I'm working on a python implementation of most of the published CFR algorithms (I know it won't scale, but it's intended for research on toy problems). I've implemented and tested CFR on both half-street Kuhn and Leduc poker, where I compared the resulting strategies vs. the open_cfr (1B iterations) results and they're sufficiently close (< 0.0001 per probability per infoset) that I'm pretty sure it's right.
Since I used a public tree to implement vanilla CFR, I decided to do public chance sampling next. It seems like it should be so simple: instead of having a global
iterations count, you have a
visits count for each node. You use that in the counterfactual regret update and then replace the board node enumeration with a simple random child node choice.
The code still works for HS Kuhn, which is a good sanity check since there are no board cards. However, when I run it on Leduc, it gets stuck around exploitability values of (0.35, 0.10) for players 1 and 2.
The MC papers talk about sampling the chance event proportionally to the likelihood, but since we're enumerating all holecards, it seems to me that uniform random is okay. I've tried doing a full Bayesian update of the probability of cards in the deck before sampling and I seem to be getting the same results.
Am I missing something here? Is there some other adjustment I need to make to the algorithm?
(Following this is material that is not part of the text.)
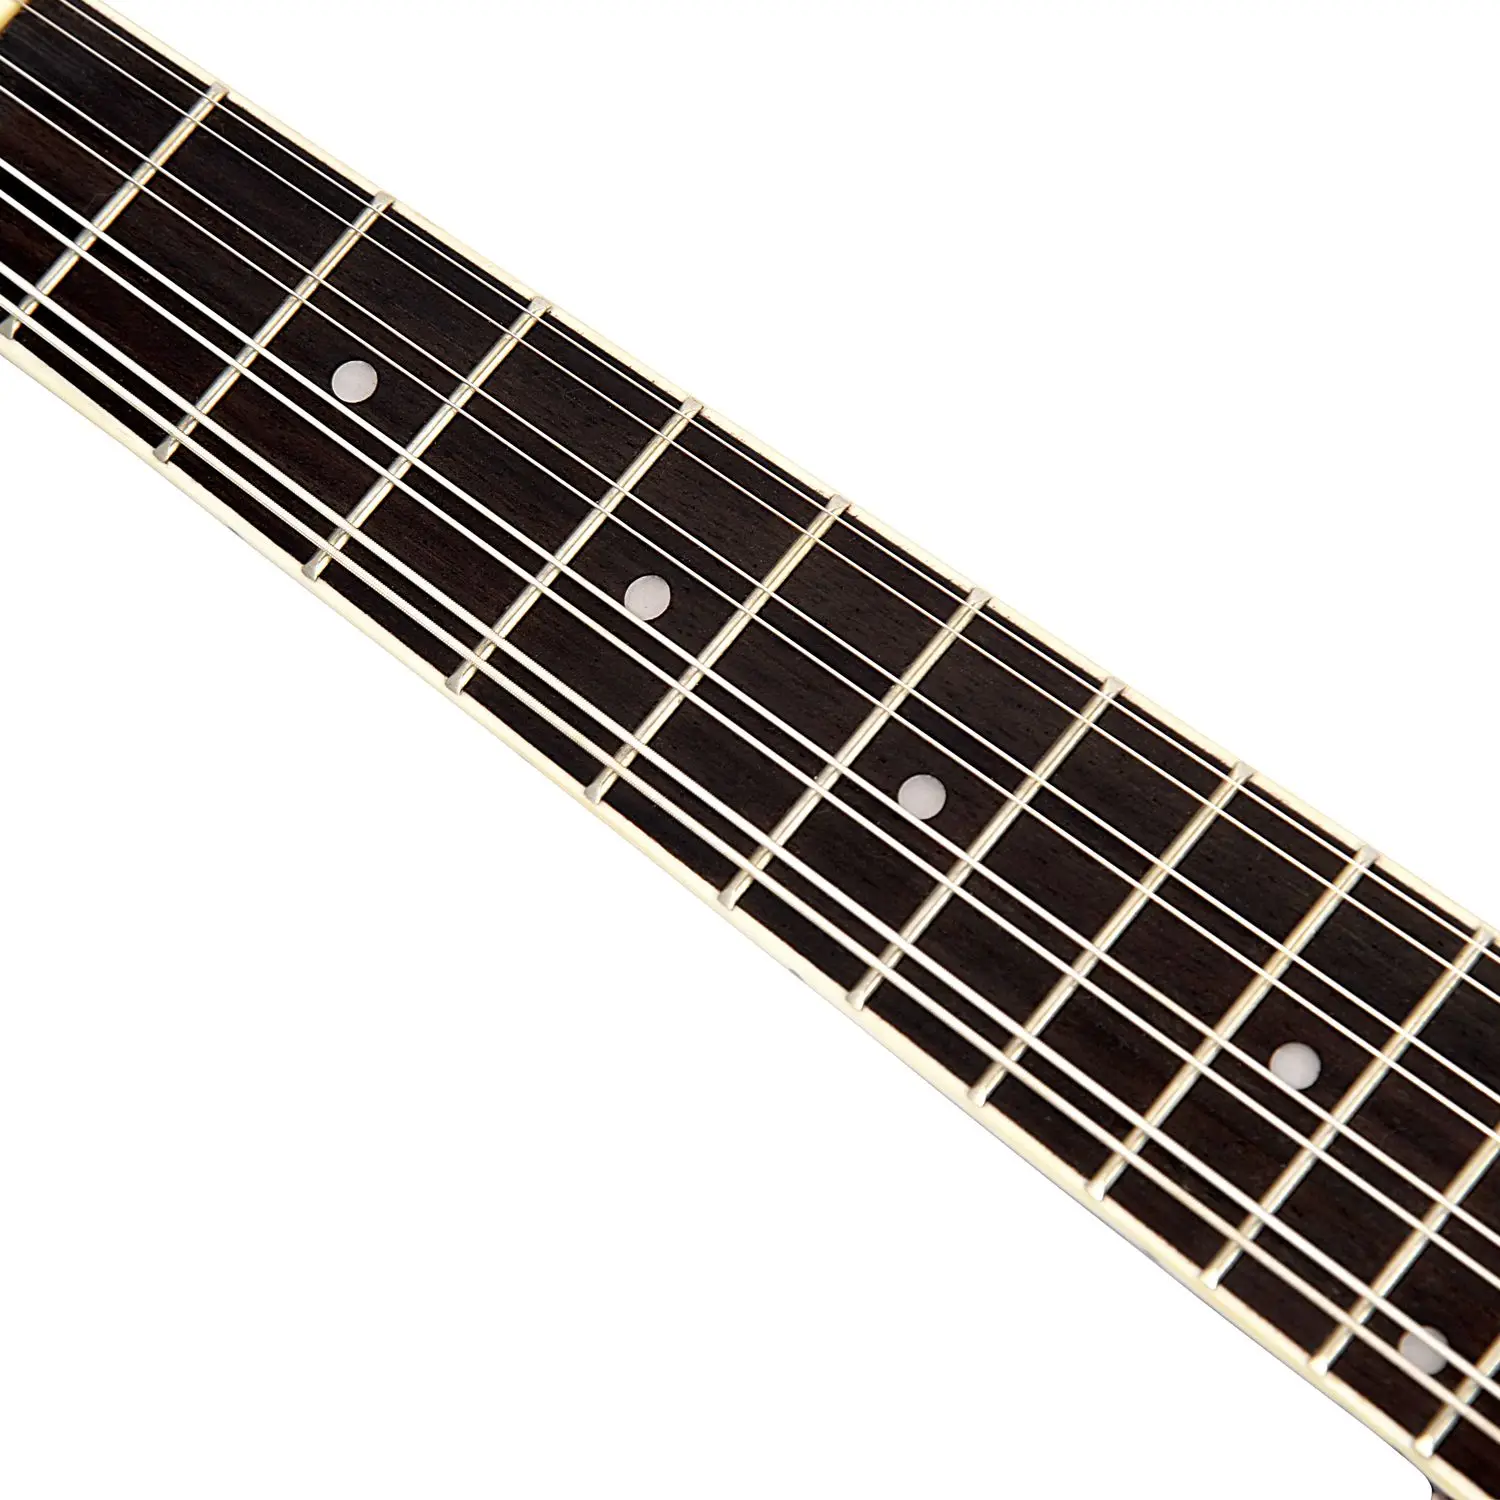 IRIN A-style mandolin Sunburst липа дерево с протиркой ткани регулируемый струнный инструмент 8 струн гитара для начинающих
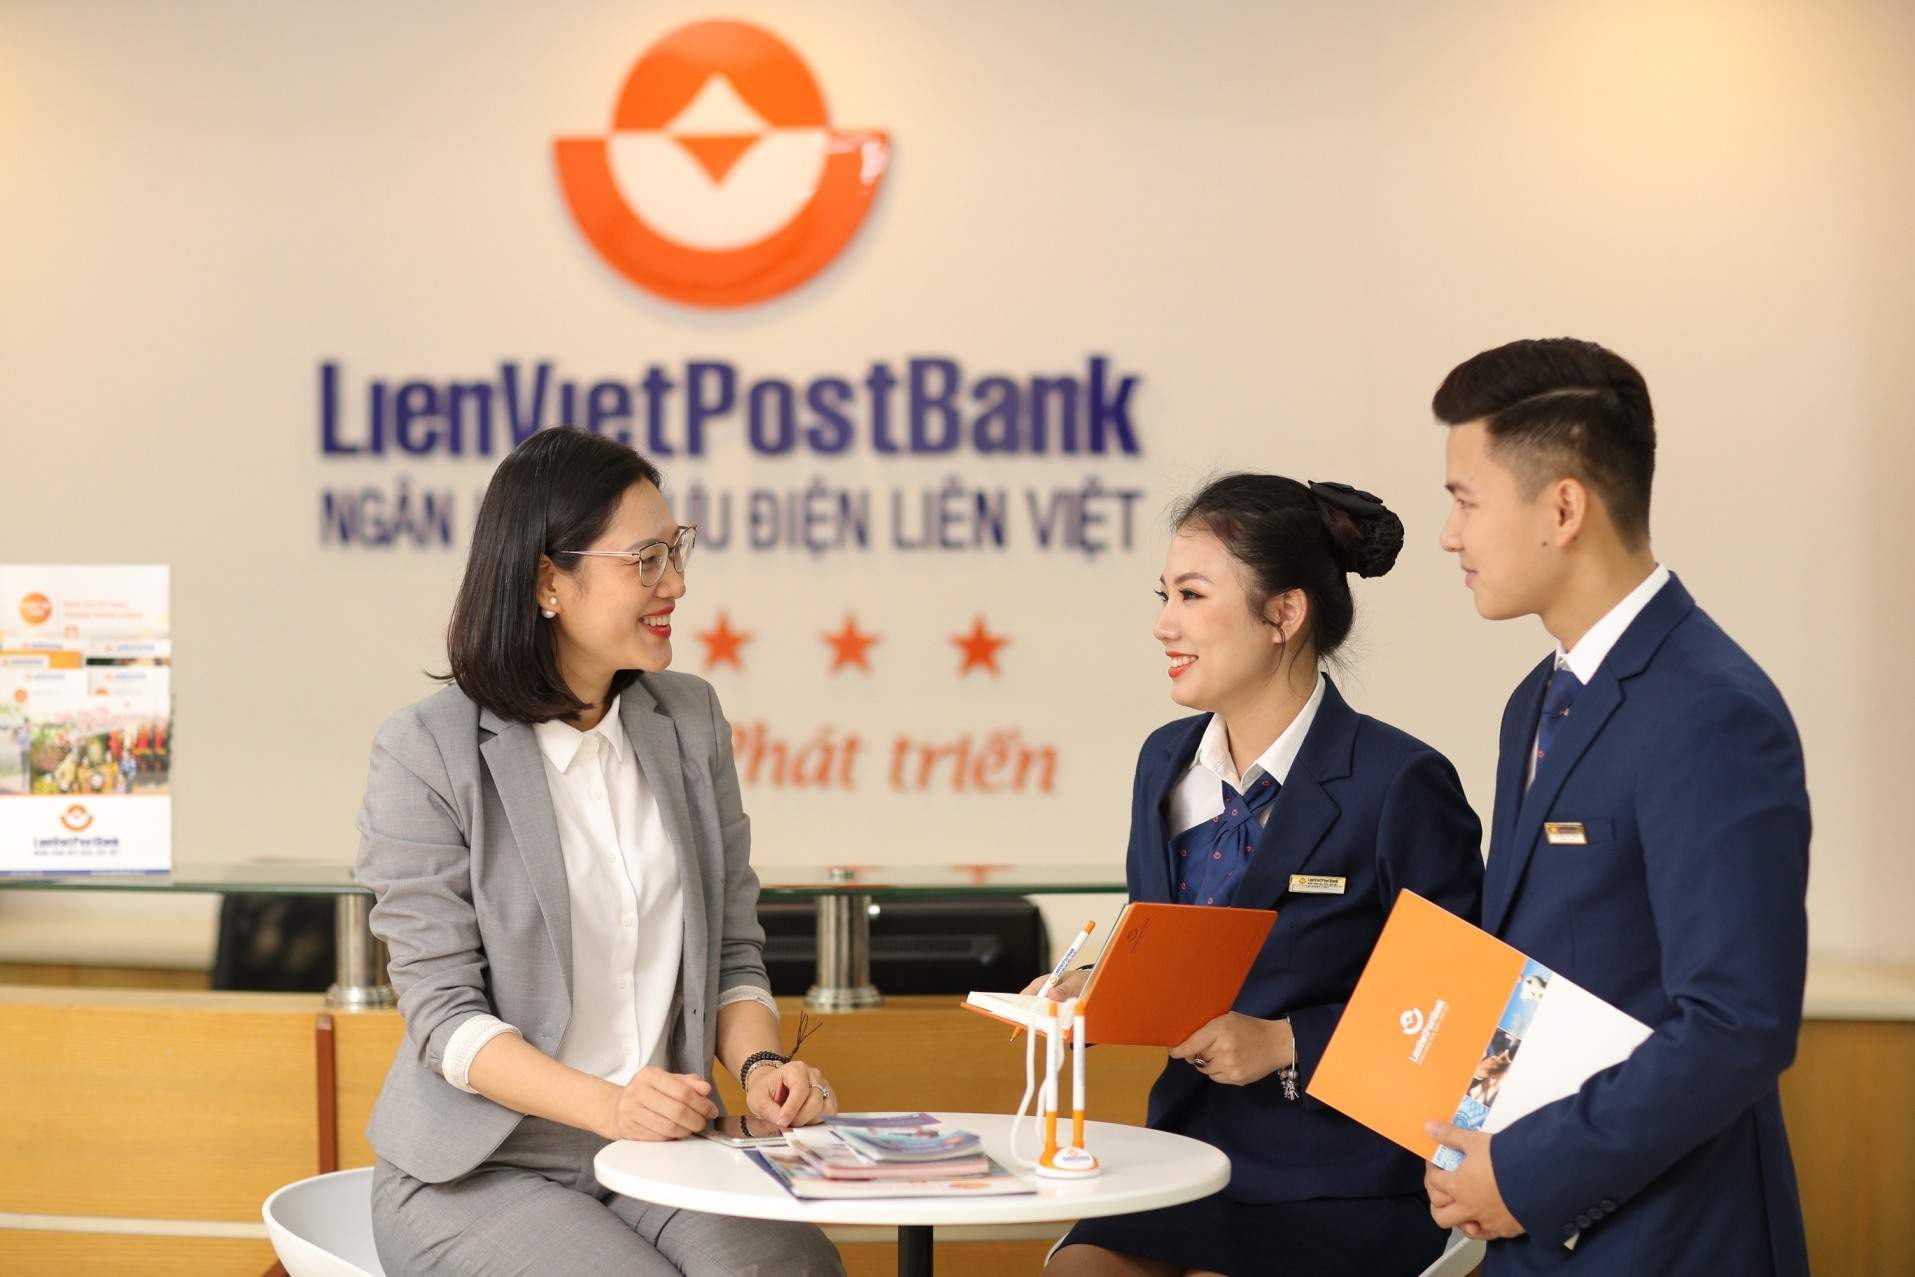 Lien Viet Postbank

Code for my PCS implementation is below:
Code:
class PublicChanceSamplingCFR(CounterfactualRegretMinimizer):
def __init__(self, rules):
CounterfactualRegretMinimizer.__init__(self, rules)
self.init_helper(self.tree.root)
def init_helper(self, node):
node.visits = 0
try:
for child in node.children:
self.init_helper(child)
except AttributeError:
return
def cfr_helper(self, root, reachprobs):
root.visits += 1
return CounterfactualRegretMinimizer.cfr_helper(self, root, reachprobs)
def cfr_boardcard_node(self, root, reachprobs):
bc = random.choice(root.children)
return self.cfr_helper(bc, reachprobs)
def cfr_regret_update(self, root, action_payoffs, ev):
for action,subpayoff in enumerate(action_payoffs):
if subpayoff is None:
continue
for hc,winnings in subpayoff[root.player].iteritems():
immediate_regret = max(winnings - ev[hc], 0)
infoset = self.rules.infoset_format(root.player, hc, root.board, root.bet_history)
prev_regret = self.regret[root.player][infoset][action]
self.regret[root.player][infoset][action] = 1.0 / (root.visits + 1) * (root.visits * prev_regret + immediate_regret)